III. Forgetting Does Not Mean Amnesia
When Paul says, “forgetting what lies behind” (Phil. 3:13), he isn’t commanding spiritual amnesia. The verb used in Greek (epilanthanomai) suggests a deliberate act of neglecting—not the loss of memory, but the refusal to let that memory dictate present direction.
We will not always forget the severing. But we can decide to no longer serve it.
That’s the distinction of those who walk forward with God: they walk with wounds that no longer write the script.
Phantom pains may arise, but they need not rule. The enemy wants those pains to become identities. But the gospel calls us to a higher claim: “If anyone is in Christ, he is a new creation” (2 Cor. 5:17, ESV).
A new creation doesn’t mean the scars vanish. It means the story gets rewritten.
IV. Devotion: The Therapy for Phantom Pain
Just as physical therapy can retrain the mind to stop signaling a lost limb, spiritual devotion retrains the soul to stop serving lost idols.
But beware: devotion is not escapism.
Worship is not a sedative; it is a surrender. It is not the refusal to feel pain, but the daily declaration that Christ is Lord over it. When the phantom ache of an old desire or broken path surges again, let it become an alarm bell—not of danger, but of dependence.
Paul models this in his prison prayers.

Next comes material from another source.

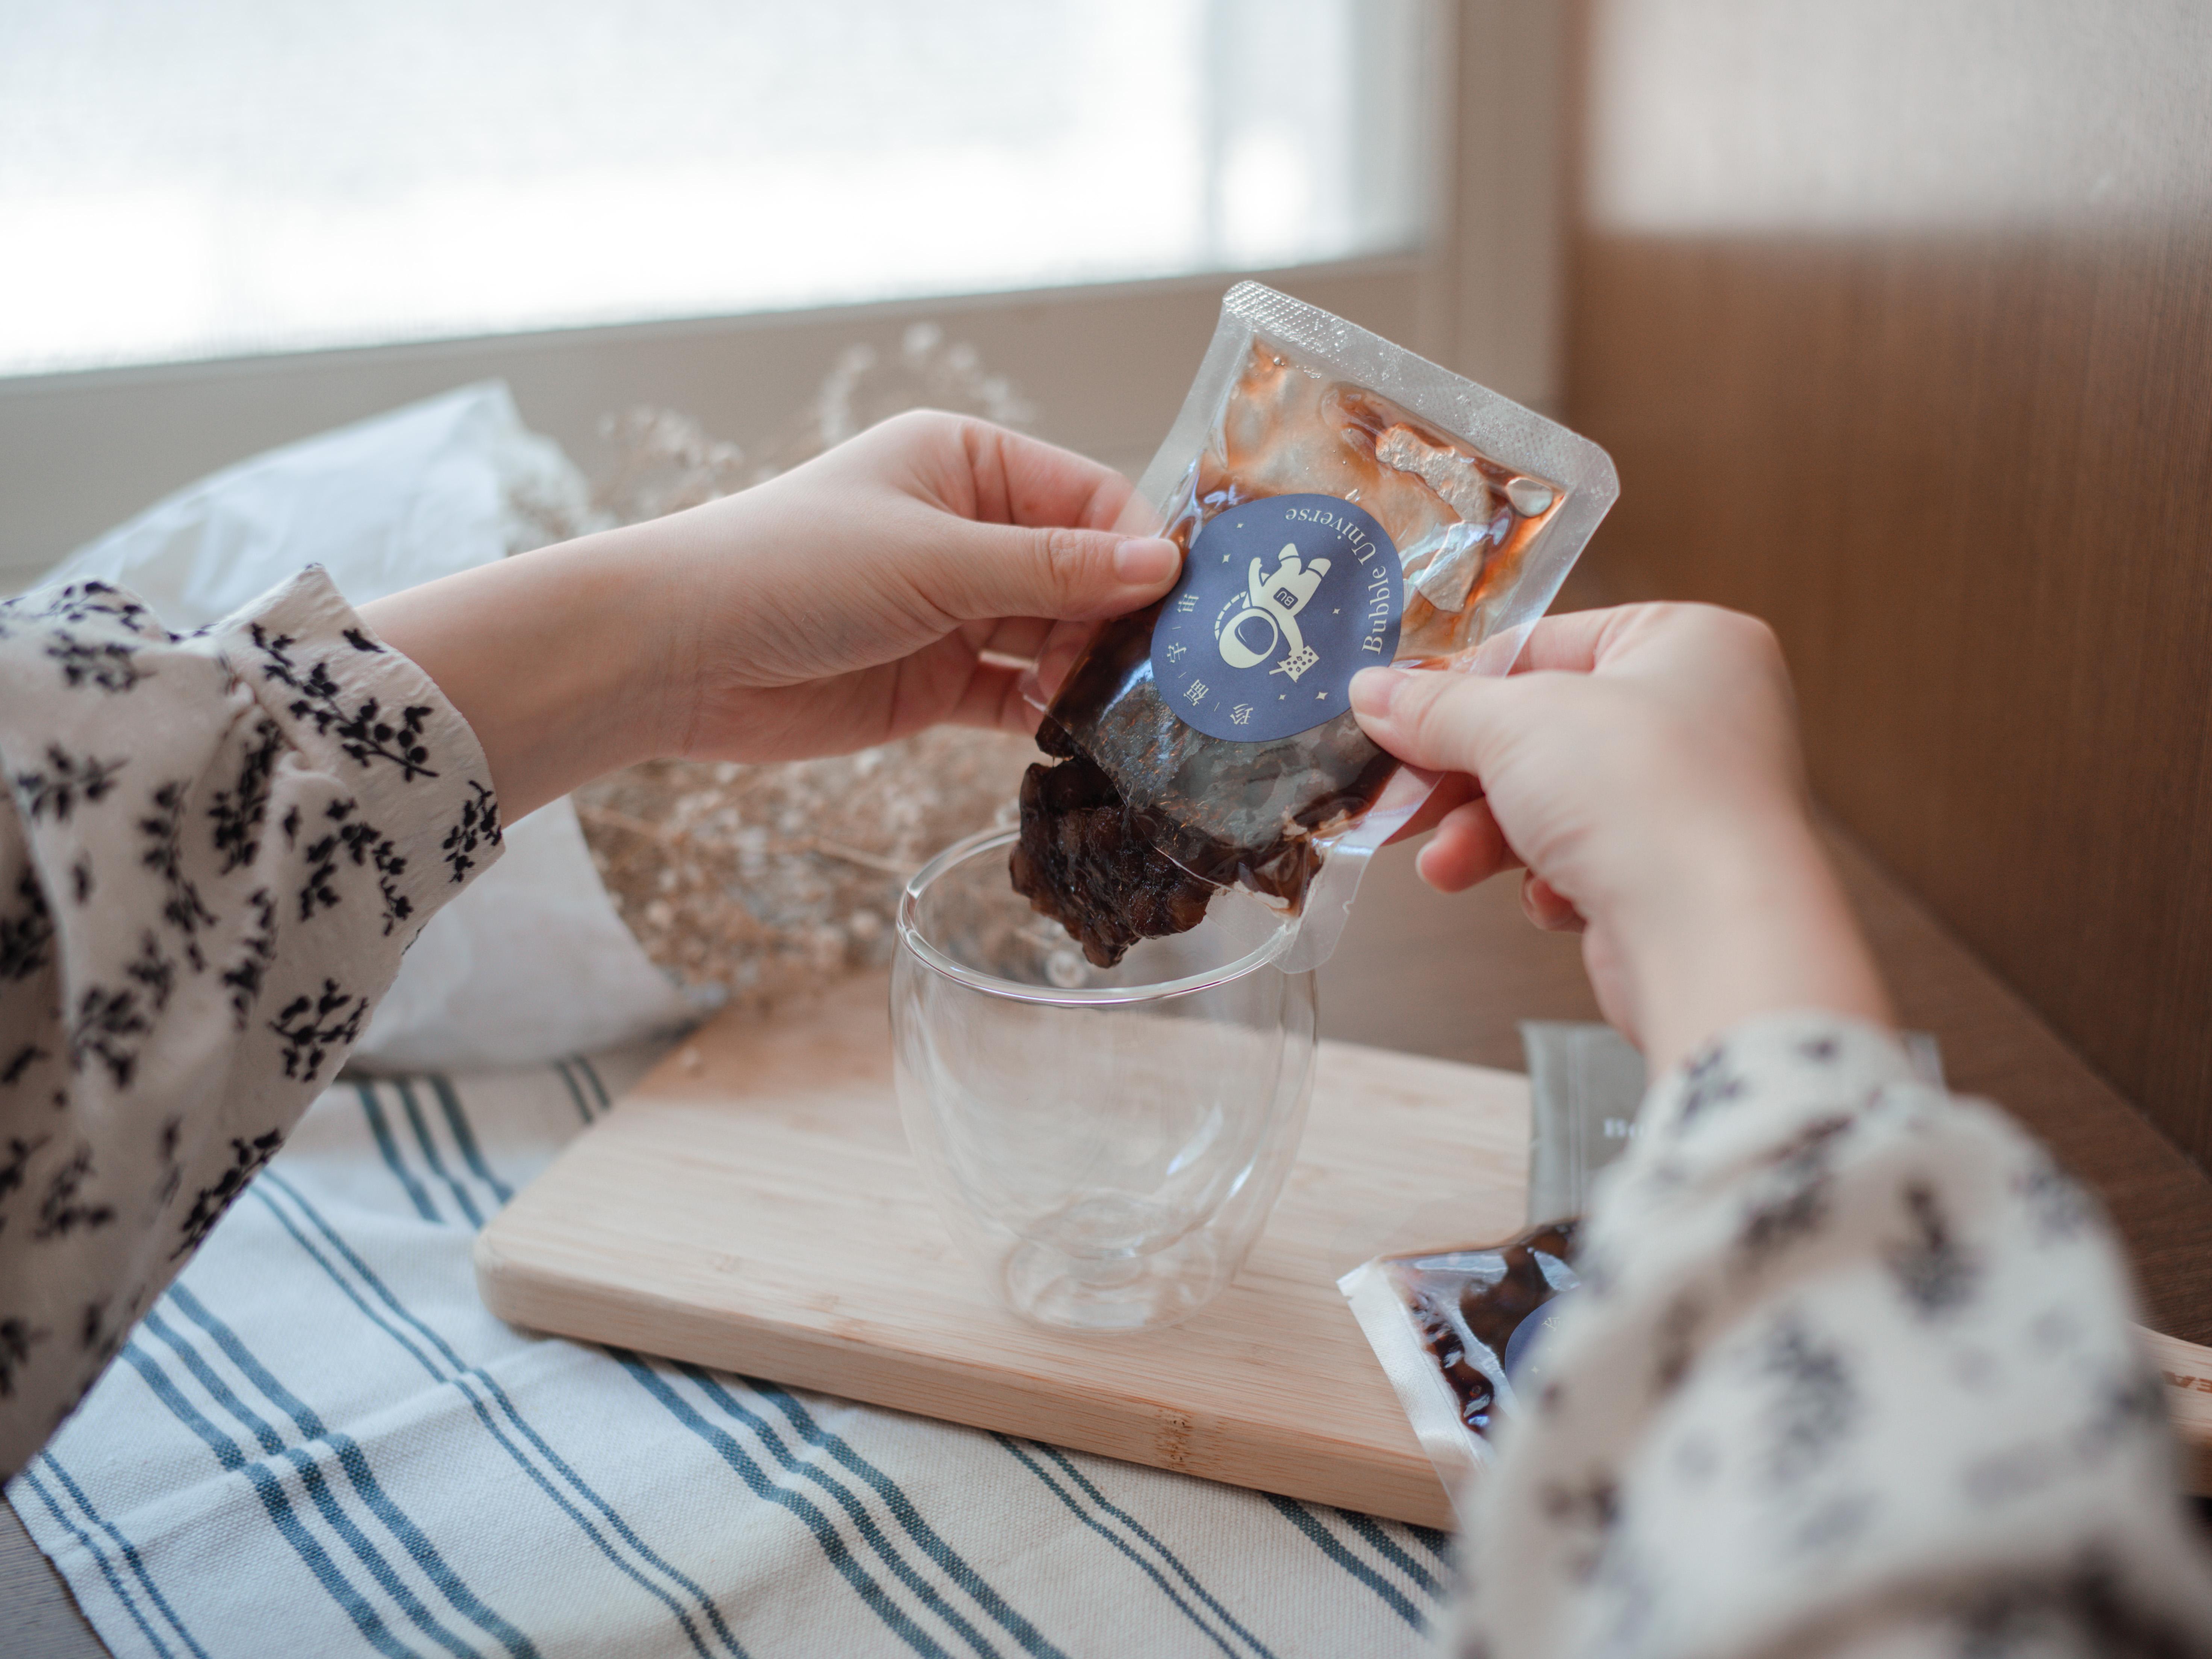 3分鐘在家泡珍奶!台灣珍珠奶茶界的愛馬仕。珍福宇宙「珍珠奶茶禮盒」Q彈黑糖珍珠神還原手搖店!

Affliction did not cause his faith to retract—it caused it to deepen. His epistles are filled with tears and theology, chains and joy. He didn’t just survive his phantom pains. He transfigured them into doxology.
V. Pressing On With Christ, Not Without Pain
There will always be a lure to turn around, to inspect what might have been, or to chase an echo from the past. But remember what Lot’s wife forgot: the backward glance can petrify the soul.
So, we press on—not because we’ve numbed the pain, but because we’ve submitted it.
“Not that I have already obtained this or am already perfect, but I press on to make it my own…” — Philippians 3:12, ESV
To “press on” is not a motivational slogan. It is a declaration of war against stagnation. It is a defiant step forward in the face of phantom griefs.
Because one day, the body will be remade, the mind renewed, and the pains will vanish—not because we forgot, but because the Redeemer has made all things new (Revelation 21:5).
VI. A Word to Those Still Bleeding
You may not be ready to “forget” yet. The phantom pain may be more than occasional—it might be a daily surge. That’s okay. Jesus meets people in gardens of sorrow, in upper rooms of fear, in prisons of isolation, and even in graveyards of regret.
But He doesn’t leave them there.
And He will not leave you either.
So today, offer the ache as incense. Let the severed part of your soul be a testimony, not a trap. Let it remind you that this world is not your home, and that wholeness is not found in reclaiming what’s been lost, but in receiving Who has been given:
“Christ Jesus has made me His own.” — Philippians 3:12b, ESV
Let that be the loudest truth in your soul.
Reflective Question:
What phantom pain keeps revisiting your soul—and how might offering that very ache in worship become your next step toward freedom?
Aphorism: Memory may echo with pain, but only devotion teaches it to sing.